When a guest computer system is emulated on a host computer system, the guest computer system is called a “virtual machine” as the guest computer system only exists in the host computer system as a software representation of the operation of one specific hardware configuration that may diverge from the native machine. The virtual machine presents to the software operating on the virtual machine an emulated hardware configuration.
A virtual machine management system (sometimes referred to as a virtual machine monitor, virtualization system, or a hypervisor) is also often employed to manage one or more virtual machines so that multiple virtual machines can run on a single computing device concurrently. The virtual machine management system runs directly on the native hardware and virtualizes the resources of the machine by exposing interfaces to virtual machines for access to the underlying hardware. A host operating system (OS) and a virtual machine management system may run side-by-side on the same physical hardware. For purposes of clarity will we use the term virtualization system to refer to all incarnations of a virtual machine management system.

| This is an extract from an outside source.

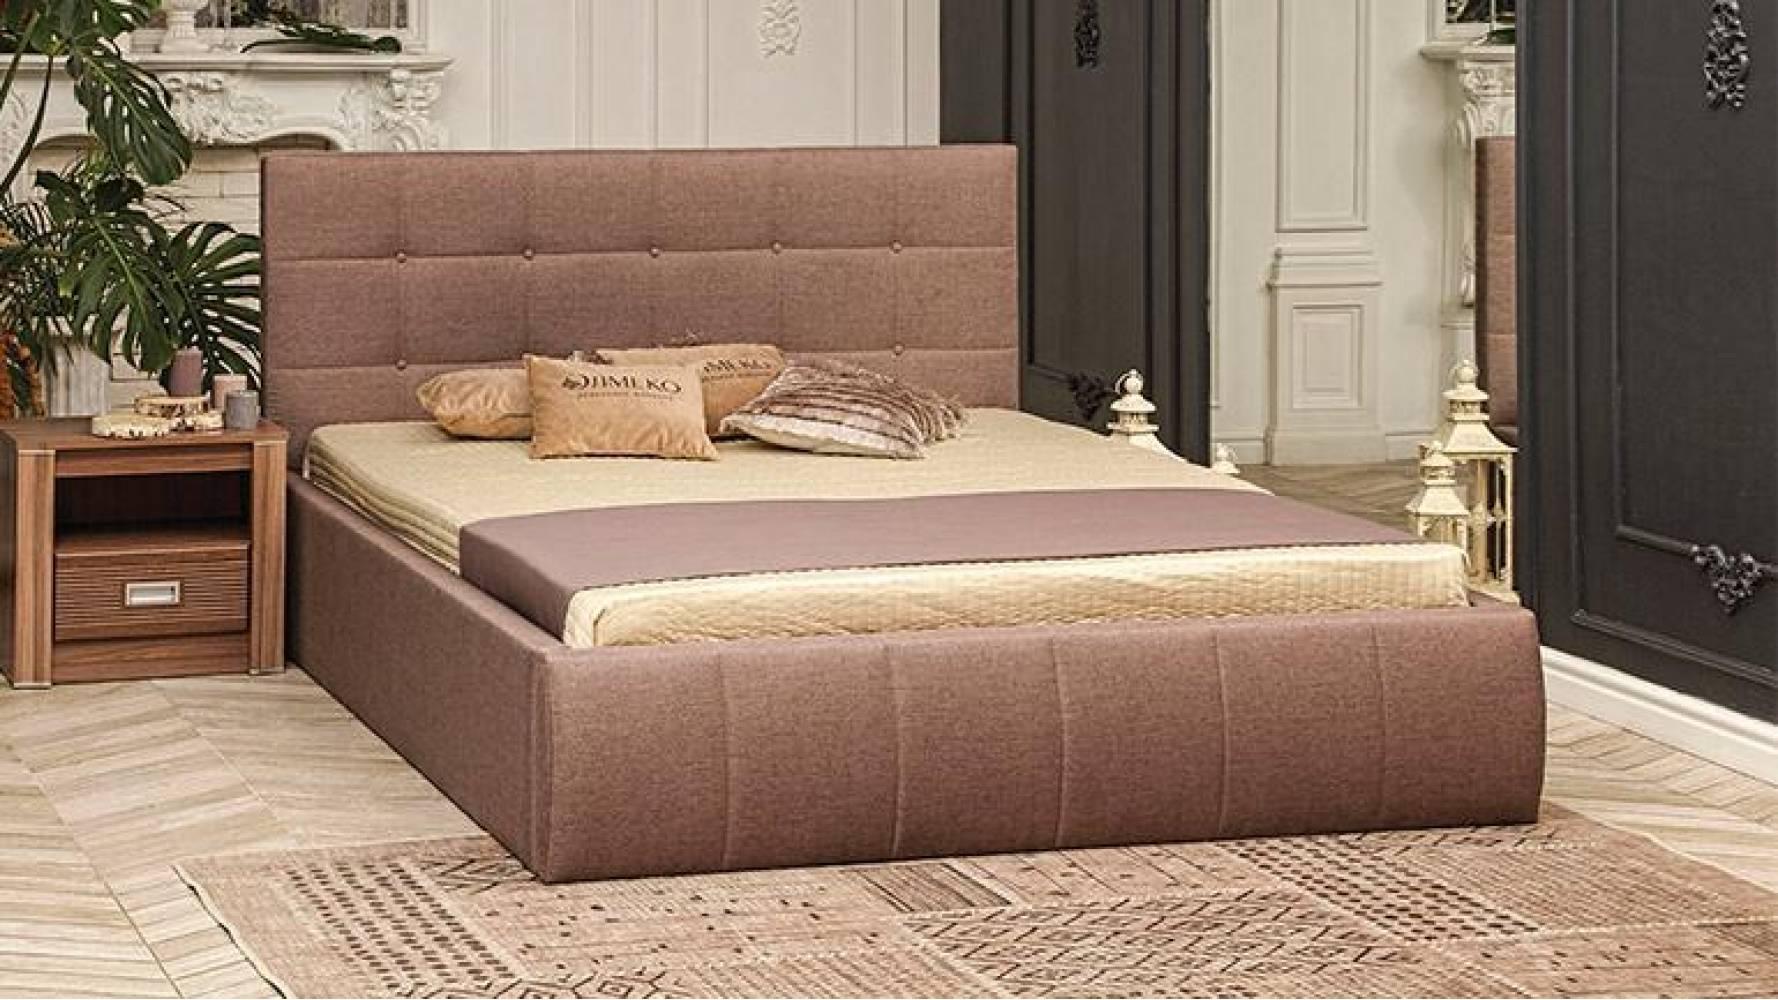 Кровать ДИАНА с подъемным механизмом Олмеко

One problem that occurs in the operating system virtualization context relates to computing resources such as data storage devices, data input and output devices, networking devices and the like, which we refer to collectively as input/output (I/O). Existing virtualization solutions tend to handle physical redundancy of I/O by managing that redundancy in the virtualization system, away from the guest operating system, and presenting a virtualized, single I/O channel (network interface, storage host bus adapter, etc.) to the virtual machine. This limits the ability of the OS and application within the virtual machine to provide useful hints regarding how to effectively manage multiple path scenarios.